TurboQuant ablation: QJL stage contributes nothing, MSE stage is the bug

unamedkr · claude · unamedkr · commit 4da6915608aa · 2026-04-08T01:30:06.000+09:00
Added env-var ablation switch to turbo_kv attention paths and ran:

  turbo_kv_4b full (MSE+QJL):  PPL 16.03
  turbo_kv_4b MSE-only:        PPL 16.03  ← byte-identical
  turbo_kv_3b full (MSE+QJL):  PPL 25.84
  turbo_kv_3b MSE-only:        PPL 25.84  ← byte-identical

Two findings:

1. The QJL correction term is computing as ~0 regardless of input. The
   constant √(π/2)/m may be wrong for our Rademacher (±1) projection
   rows — the original QJL paper uses Gaussian rows.

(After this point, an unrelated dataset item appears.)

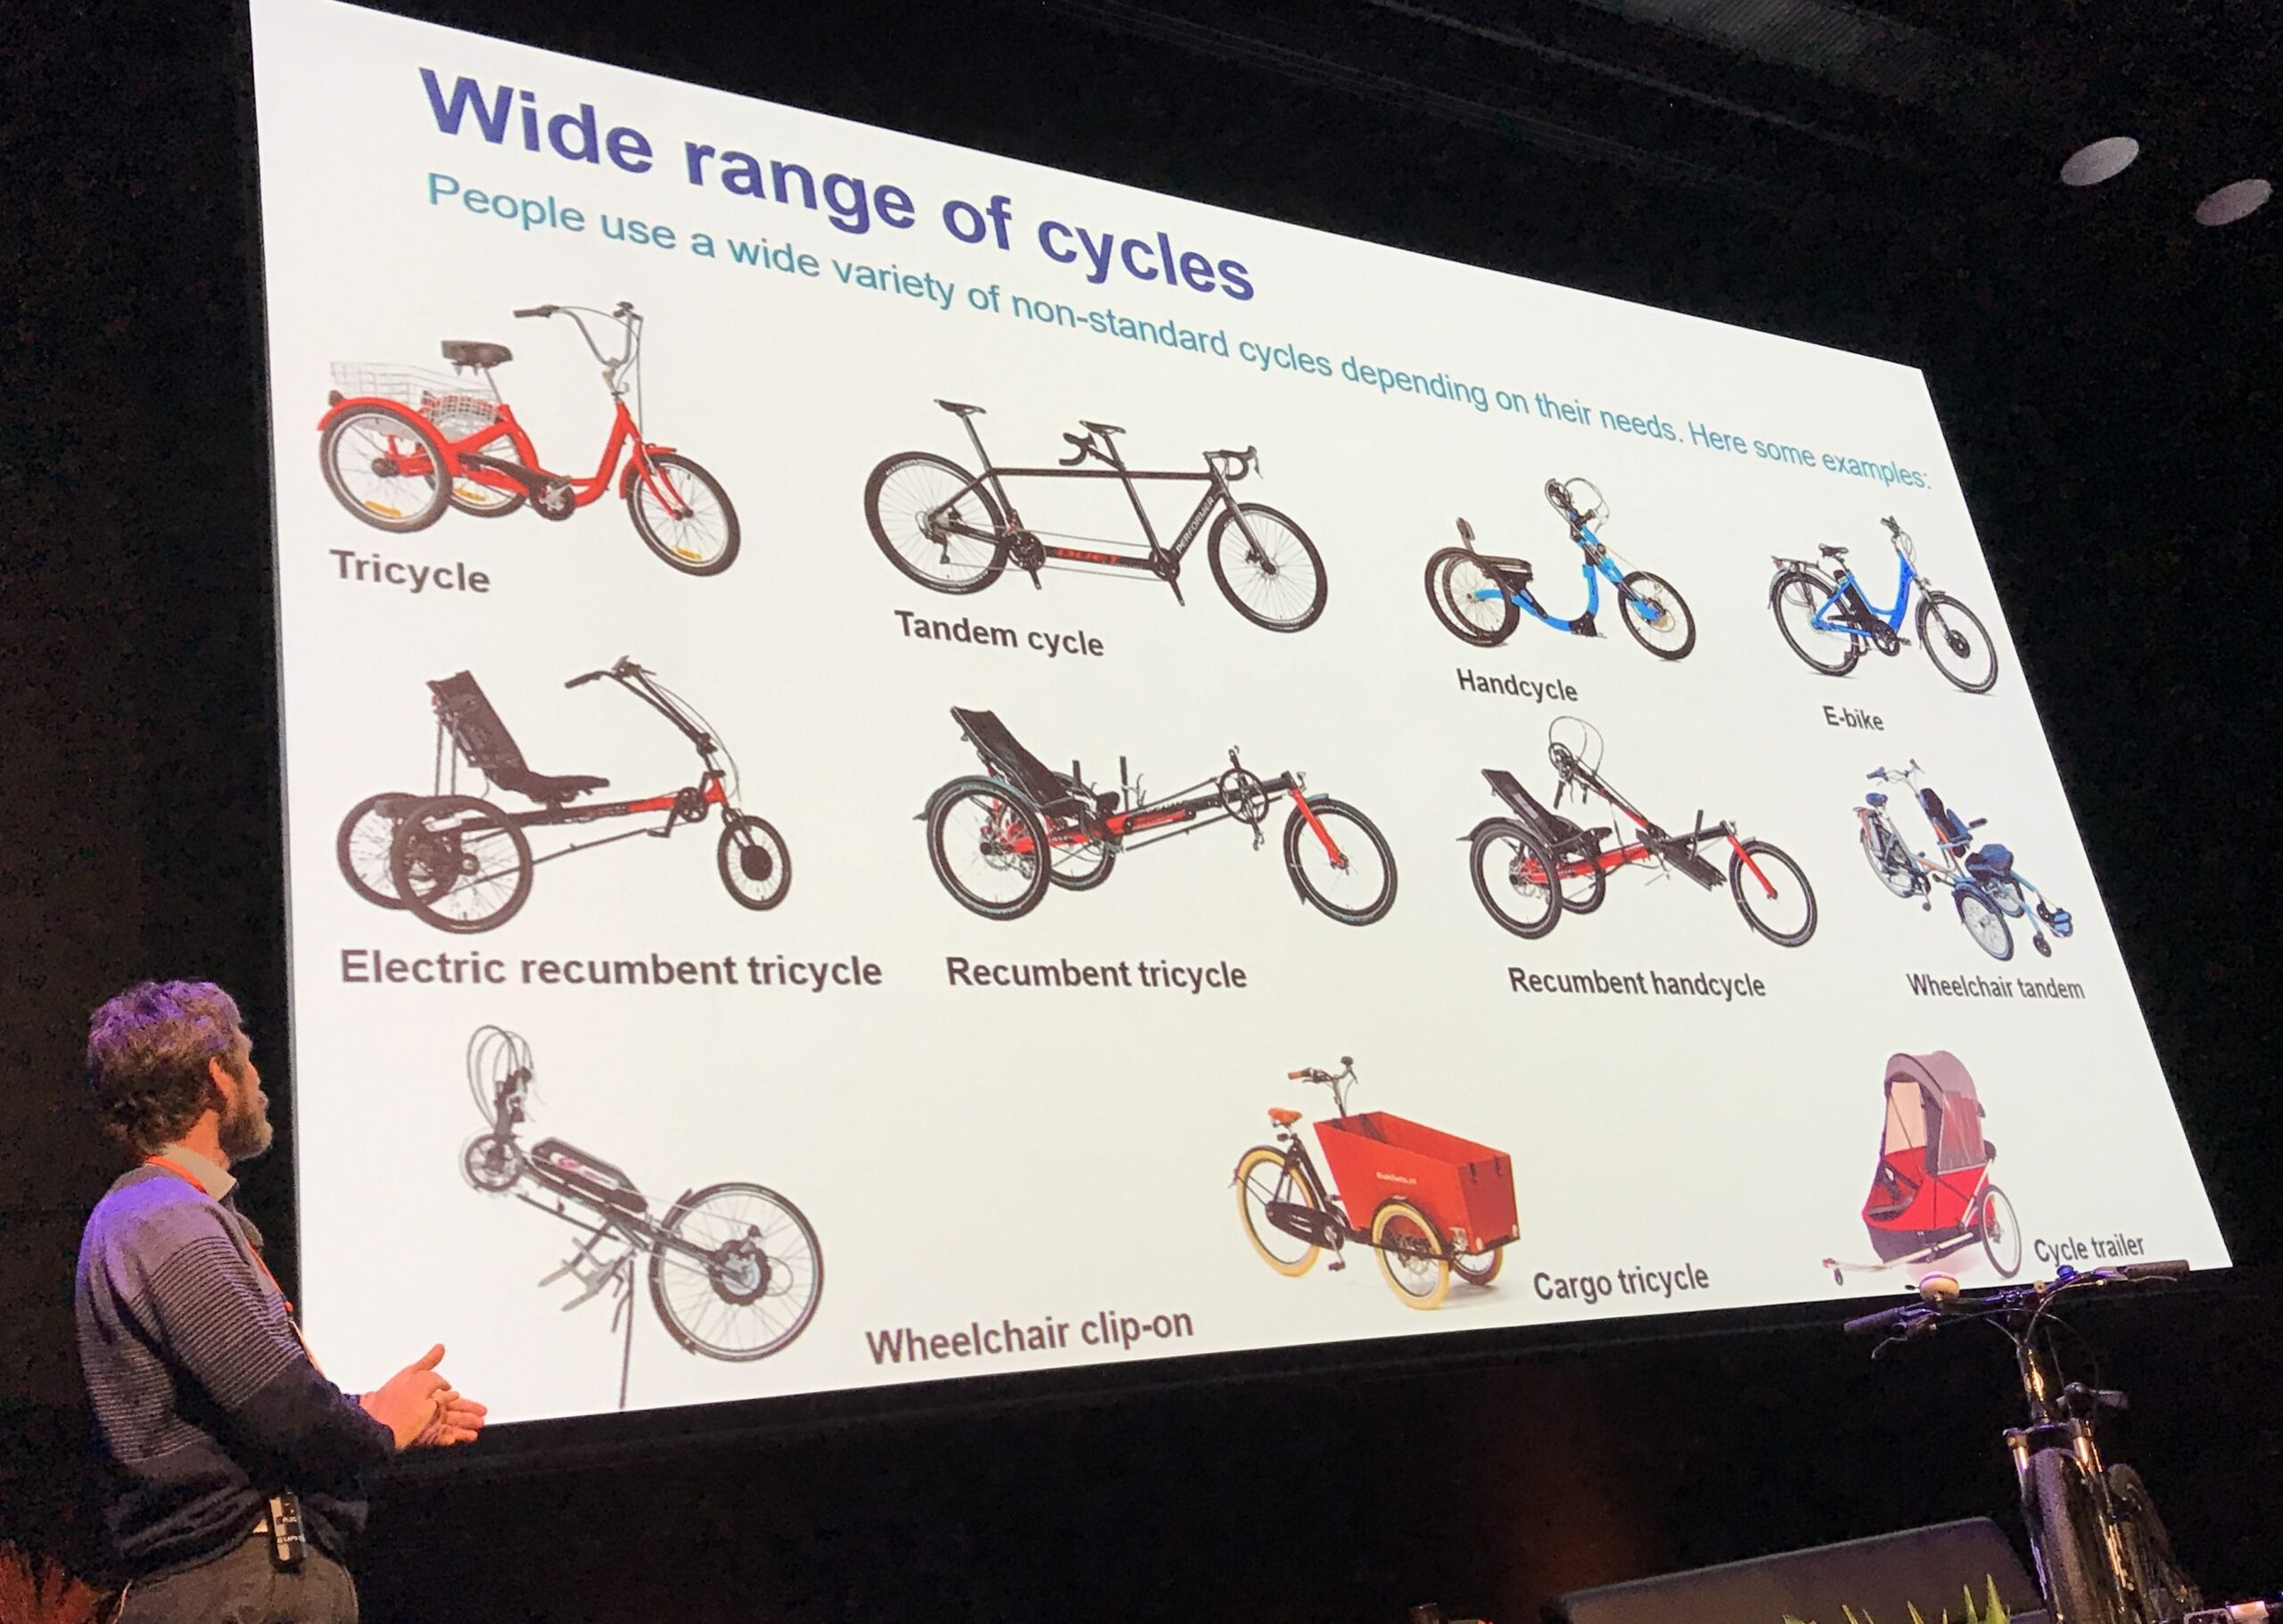 Simon Kennett presenting. The slides behind him show images of a range of bike types, including trike, tandem cycle, handcycle, recumbent cycles, wheelchair clip on and wheelchair tandem.

2. Even ignoring QJL, the MSE-only Lloyd-Max-Gaussian codebook is
   strictly worse than uniform per-block min-max at the same bit
   budget. Real key vectors after a single Hadamard rotation still have
   heavier tails than N(0,1), so the codebook clips outliers that
   uniform_4b's per-block range captures naturally.

Two structural fixes are needed to match the paper:
- Outlier handling at Stage 1 (paper does this — 32 outlier channels)
- QJL constant verification for Rademacher rows

Reverted the env-var ablation switch (kept the findings in the
reproduction doc).

Co-Authored-By: Claude Opus 4.6 (1M context) &lt;noreply@anthropic.com&gt;
diff --git a/bench/results/turboquant_reproduction.md b/bench/results/turboquant_reproduction.md
@@ -56,6 +56,28 @@ Translated to PPL terms, the paper's results imply approximately **zero PPL degr
 | Pre-rotated query optimization | ✅ correct | `q_rot = RHT(query)` once |
 | Inner product estimator combining stages | ⚠️ unverified | `dot1 + r_norm * qjl_correction` — formula may not exactly match paper |
 
+## Ablation: which stage is broken?
+
+Ran `turbo_kv_*` with the QJL correction forcibly disabled (MSE-only) on Llama 3.2 3B:
+
+| Config | PPL | Δ from full |
+|---|---:|---:|
+| `turbo_kv_4b` full (MSE+QJL) | 16.03 | (baseline) |
+| `turbo_kv_4b` MSE-only | **16.03** | **0.00** |
+| `turbo_kv_3b` full (MSE+QJL) | 25.84 | (baseline) |
+| `turbo_kv_3b` MSE-only | **25.84** | **0.00** |
+
+**The QJL stage contributes literally nothing to the final scores.** Disabling it produces byte-identical PPL.
+
+This narrows the diagnosis dramatically:
+1. The QJL correction term is being computed as ~0 (or constant) regardless of input
+2. The MSE-only Lloyd-Max codebook stage is **strictly worse than uniform per-block min-max** at the same bit budget — Lloyd-Max-Gaussian centroids appear to clip outliers that uniform_4b's per-block range captures
+3. Real key vectors after RHT have heavier tails than the N(0,1) assumption — likely because the keys themselves have a few large components that don't fully redistribute even after a single-stage Hadamard rotation
+
+Two structural fixes are needed:
+- **Outlier handling at Stage 1** (paper does this — 32 outlier channels at higher bit width)
+- **QJL correction debugging** — verify the constant `√(π/2)/m` is right for our Rademacher rows (the original paper uses Gaussian rows; constants differ)
+
 ## Hypotheses for the gap
 
 1. **Lloyd-Max scaling**: After random rotation of a unit-norm vector, coordinates follow a `Beta(1/2, (d−1)/2)` distribution scaled to `[−1, 1]`, not exactly `N(0, 1/d)`. The discrepancy matters at small `d` (head_dim 64–128). Need to either (a) recompute centroids for the Beta distribution, or (b) verify that the Gaussian approximation suffices for `d ≥ 128`.